Revelations will include allegations that a web existed of corrupt public officials who received money from national newspapers, along with details of journalists who, over a period, have paid officials - in one case well into six figures - for stories.

Such allegations are certain to stoke fury at the failure of the original police inquiry in 2005/06 to unearth the full extent of unlawful behaviour. After the home of Glenn Mulcaire was raided, police collected several bin bags of evidence which revealed he had been repeatedly commissioned by many reporters. Despite this, NI persisted in its claims it was the work of just one "rogue reporter".

This failure to broaden the inquiry has given rise to accusations of an unhealthily close relationship between the police and NI. Two of those who have faced questions over the relationship with NI are John Yates and Andy Hayman. Mr Yates, who resigned last summer over the affair, is believed to be anxious to clear his name in the face of expected attempts to pin the blame on him. He has admitted shortcomings in the police investigation, but vehemently denies any personal impropriety, saying that the Director of Public Prosecutions set the bar impracticably high for securing a conviction for phone hacking, that counsel's advice gave him no reason to believe there was widespread wrongdoing and that terrorism had a more pressing claim on police resources.

Last year, friends revealed he was "incandescent" at the cursory nature of the search carried out by some of his colleagues which, friends said, resulted in him making inaccurate public statements.

It is believed that Mr Hayman, who led the original inquiry and went on to write a column for NI, will be scrutinised over the circumstances of his departure from the Met. His expenses have been the subject of much speculation, as have allegations of an affair. He, too, has vehemently denied wrongdoing.

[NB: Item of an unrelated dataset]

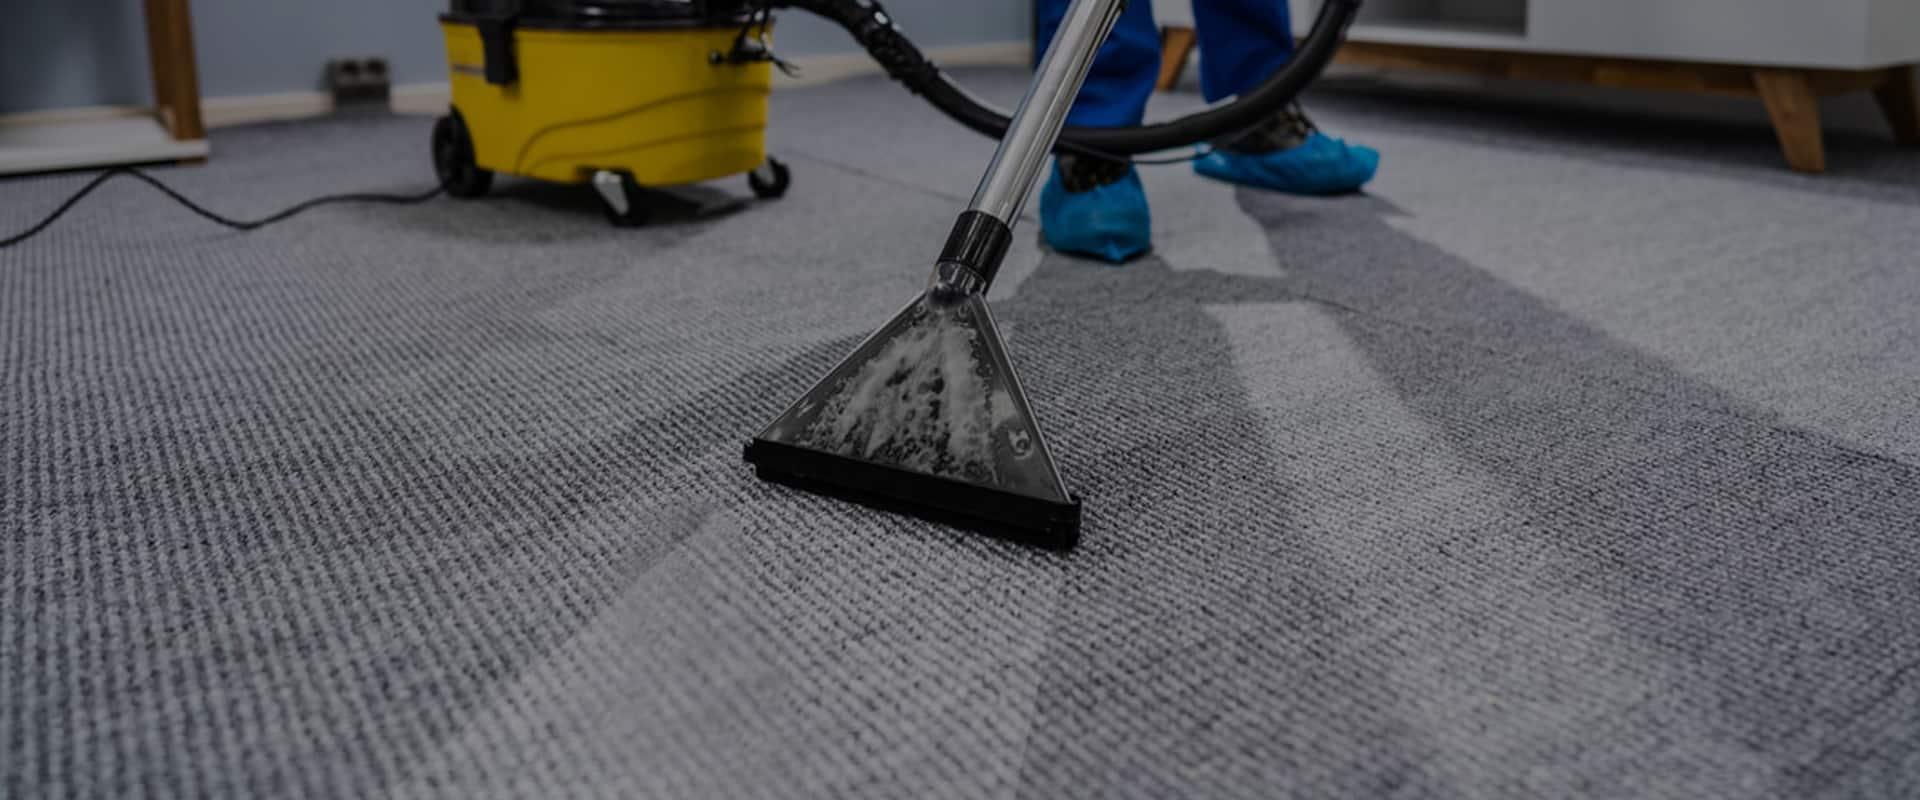 sExpert Carpet Cleaning Pakenham

Sources at the Met have privately expressed fury at the failure of NI to collaborate fully with the investigation, or to unearth anything in its own inquiries. "They pretended they were co-operating and they weren't," said one source. By seemingly helping the police, NI made it difficult for the police to ask a judge for a warrant for a more exhaustive search. Other serving officers in the Met have pointed fingers privately at the performance of the Crown Prosecution Service.

Yesterday, it was alleged that there were American phone numbers on the files of Glenn Mulcaire, which would be a significant development in terms of News Corps' attempt to move on from the scandal. Bloomberg website said that the numbers of the singer Charlotte Church's Los Angeles agent and New York publicist were found in Mulcaire's files. According to the report, the evidence is in the hands of the police in London.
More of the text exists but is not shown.